Die Bewässerung im Weinberg ist technisch aufwendig und sehr teuer. Sinnvoll sind da Gemeinschaften. Nicht wenige scheuen aber die horrenden Kosten, denn wie oft gibt es Dürre, wie dieses Jahr und nicht wenige hören z.B. Mangels Nachfolge auf oder haben nur einen Hektar geerbt usw. Dann wird, z.B. in Weinberge Wasser gefahren und das klingt leichter als es ist! Dazu habe ich mal ein kleines Filmchen gemacht.

Eine kleine Rechnung dazu:
5mm Regen = 5 Liter/qm
1 ha = 10000qm

Das heißt: Bewässere ich einen Hektar mit geradezu homöopathischen 5mm Regen bzw. 5 Liter/qm, brauche ich 50000 Liter Wasser.
Habe ich 20 Hektar und will die Hälfte bewässern, brauche ich 500000 Liter. Würden 10 Winzer mal so auf die Schnelle 5 Millionen Liter Wasser aus dem Dorfnetz ziehen, wären das 5 Millionen Liter Wasser aus dem Trinkwassernetz!

Wie oft könnte man das machen und wie kommt das Wasser in den Wingert (Weinberg)? Per Wasserhahn? Wie lange dauert es, bis die Badewanne voll ist?

Klar Weingüter haben dickere Leitungen, aber selbst bei ca. 8000 Liter/Stunde, brauche ich auch mehr als 7-8 Stunden dafür, bis das Wasser für einen Hektar zusammen ist. Wir haben seit 1860 Brunnenrecht. Mein eigener Brunnen, den ich in Notzeiten dem Dorf zur Verfügung stellen muss, fördert rund 8000 Liter/Stunde, aber jeden Tag da 50000-60000 Liter/Hektar rausholen?

Und dann? Wie verteilt man das Wasser im Wingert, wenn man es denn hat?

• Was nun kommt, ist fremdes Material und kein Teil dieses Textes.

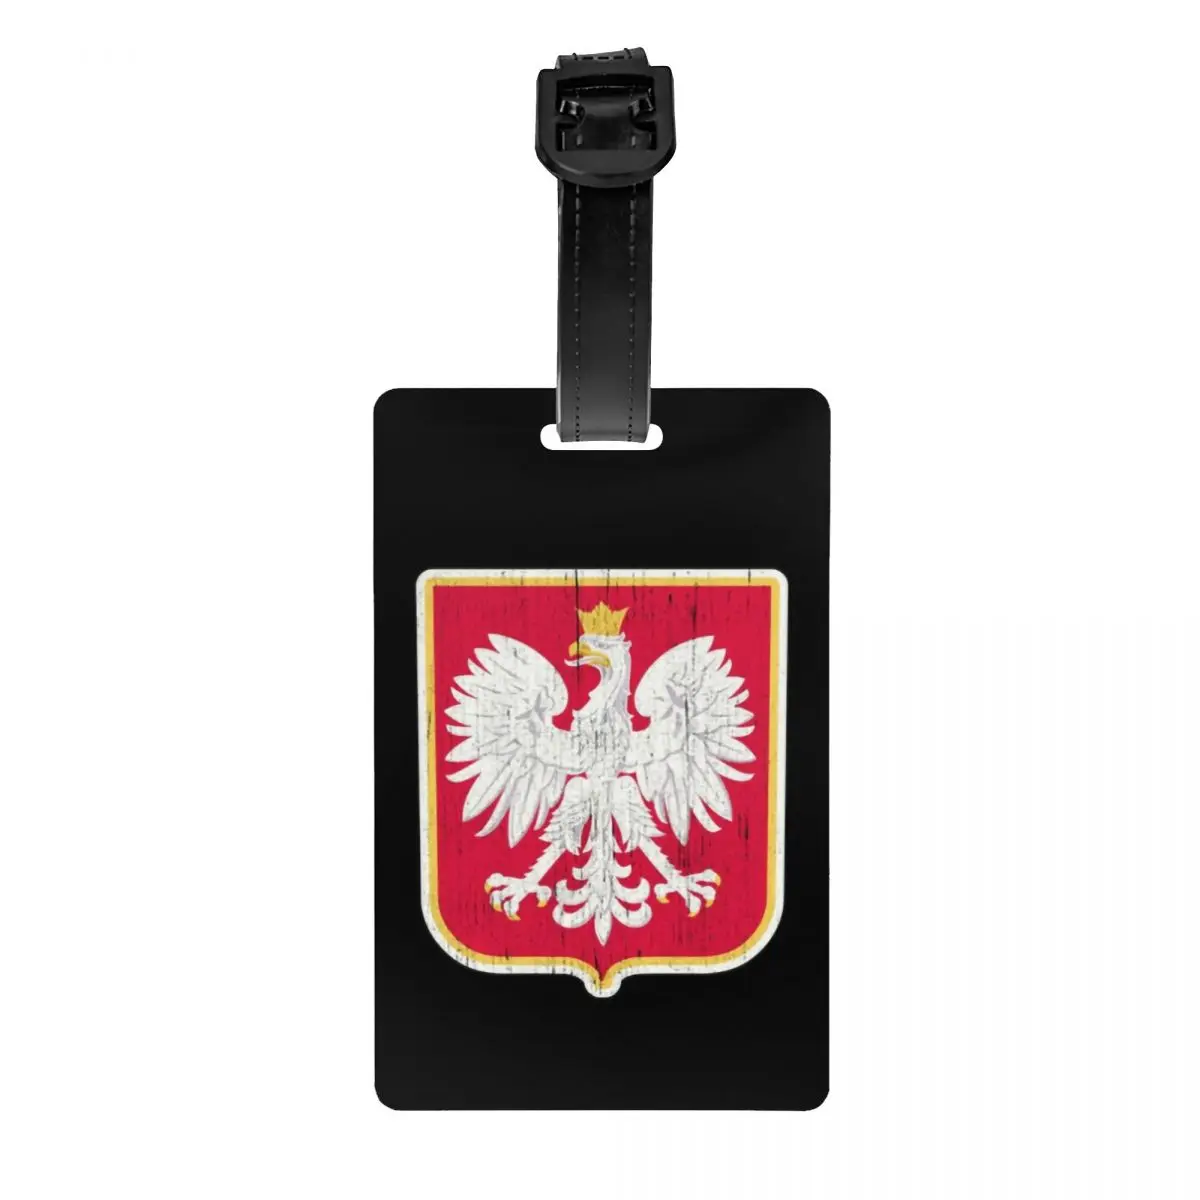 

Пользовательский полированный герб России, этикетка для багажа с орлом, защита конфиденциальности, флаг Польши, бирки для багажа, этикетки для дорожных сумок, чемоданов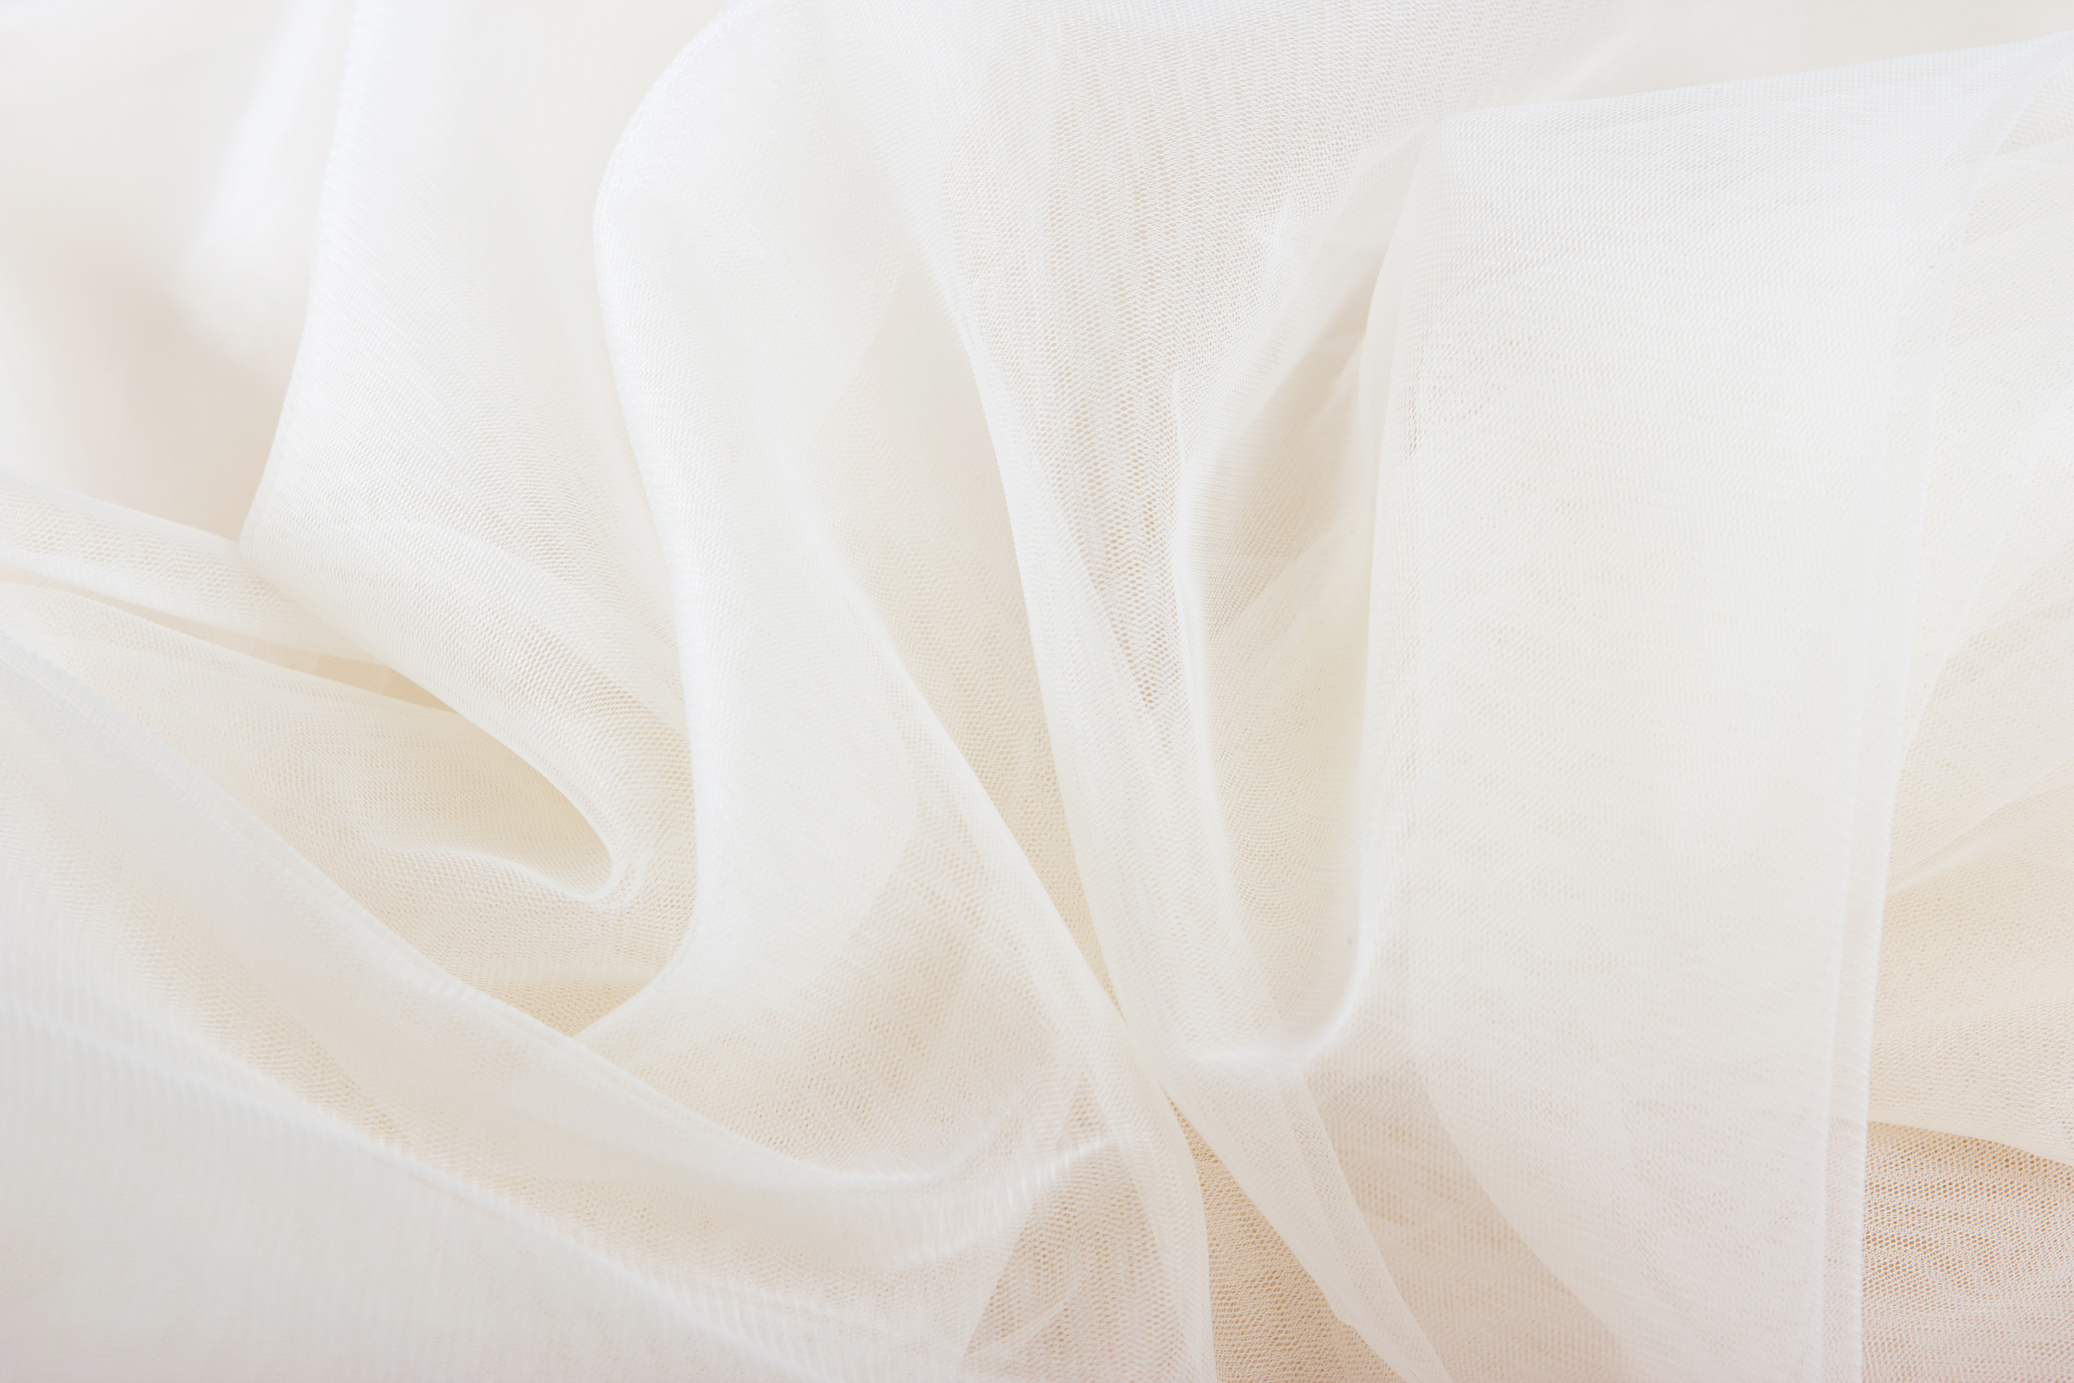 Chiffon Fabric Background Texture

Die Profis, mit Tröpfchenbewässerungsleitungen und über Pumpen. Diese Infrastruktur ist professionell, aber teuer und in dem nördlichsten Weinbauland der Welt, war das (noch) nicht überall notwendig. Einige Kollegen haben das und sind natürlich jetzt sehr froh, was ihnen von Herzen gegönnt ist. Aber ich habe keine Ahnung, wie viele Weinberge in Deutschland eine Bewässerungsstruktur haben. Ich denke keine 10% bis 5%. Ich weiß es nicht.

Der Rest muss das Wasser reinfahren! Ein sehr großer Aufwand, aber wer kann schon eine Mutter leiden sehen? Noch viel ist zu sagen. Wie oft wird das vorkommen? Wenn ja, sind neue Sorten die Antwort? Nimmt der Konsument sie an? Ein neues, modernes Bodenmanagement, mit Mulchauflage, welche die Verdunstung minimiert? Wird Schweden das neue Baden?
Nächstes Jahr kann es wieder ganz anders aussehen. Viel Regen, viel Säure.

Deutschland ist seit 2000 Jahren ein Weinbauland. Noch nie in seiner Historie, waren die Winzer und Winzerinnen so einmalig gut und komplex ausgebildet. Noch nie so glühend und positiv motiviert. Die Weinbaujugend ist der Hammer! Ich habe keine Sorge, im Gegenteil. Deutschland wird viele, viele Menschen hier und im Ausland mit Typizität und Authentizität begeistern. In jedem Stil, vom Brotzeitwein bis zum VDP großes Gewächs. Auch dieses Jahr. Die Rotweine werden bestimmt ganz grandios und es wird auch viele, viele tolle Weißweine und Roseweine geben.